– Ну, слава богу, через час уйдем из этой дыры! – радостно говорили мичманы в кают-компании.

– И чтоб в нее никогда не заглядывать больше!

К старшему штурману, спустившемуся в кают-компанию выкурить манилку и погреться, кто-то обратился с вопросом:

– Лаврентий Иваныч! Когда мы придем в Сан-Франциско, как вы думаете? Недельки через четыре увидим американок, а?

– Нечего-то загадывать вперед… Мы ведь в море, а не на берегу.

– Ну, однако, приблизительно, Лаврентий Иваныч? Если все будет благополучно?

– Да что вы пристали: когда да когда? Прежде отсюда надо убраться! – ворчливо промолвил штурман.

– А что, разве так свежо?

– Подите наверх – увидите!

– У нас, Лаврентий Иваныч, машина сильная.

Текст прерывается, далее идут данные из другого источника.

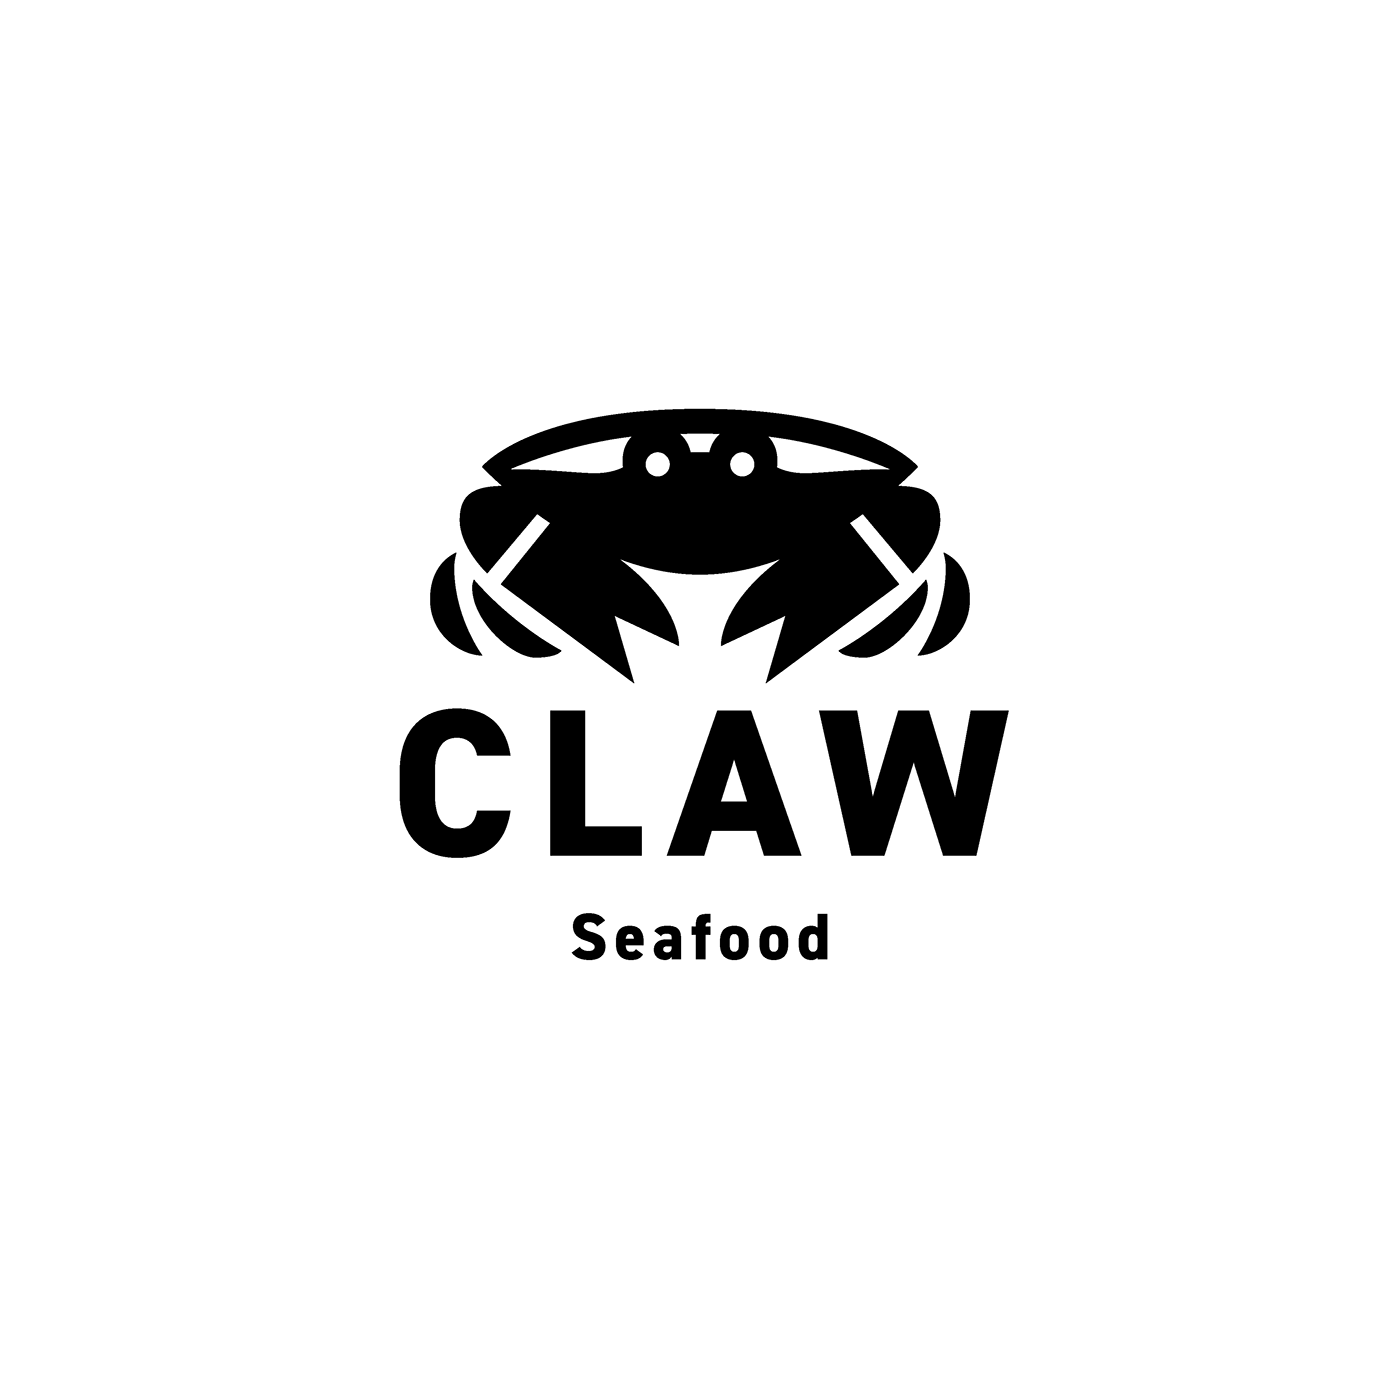 restaurant logo Seafood Logo  Seafood Restaurant crab logo

Выползем.

Лаврентий Иванович, почти не сомневавшийся, что клипер до шторма уйти не успеет и что ему придется отстаиваться на рейде, ничего не ответил и быстрыми, нервными затяжками торопливо докуривал свою манилку, озабоченный и мрачный, полный самых невеселых дум о положении клипера, если штормяга будет, как он выражался, «форменный».

В эту минуту в кают-компанию влетел весь мокрый, с красным от холода лицом молодой мичман Нырков и возбужденно и весело воскликнул:

– Ну, господа, и анафема, я вам скажу, ветер! Так засвежел на половине дороги, что я думал: нам и не выгрести. Насилу добрались. И волна подлая… Все мы вымокли. Так и хлестало! И что за холод… Совсем замерз. Эй, вестовые! Скорей горячего чаю и коньяку! – крикнул он и пошел в свою каюту переодеваться, счастливый, что благополучно добрался и что в точности выполнил приказание и вернулся к одиннадцати часам. Он, еще совсем молодой моряк, первый раз попавший в дальнее плавание, конечно, стыдился сказать в кают-компании, как ему было жутко на баркасе, захлестываемом волной, как страшно и за себя, и за матросов, и как он, сам трусивший, с небрежным ухарским видом подбадривал усталых, вспотевших гребцов «навалиться», обещая им по три чарки на человека.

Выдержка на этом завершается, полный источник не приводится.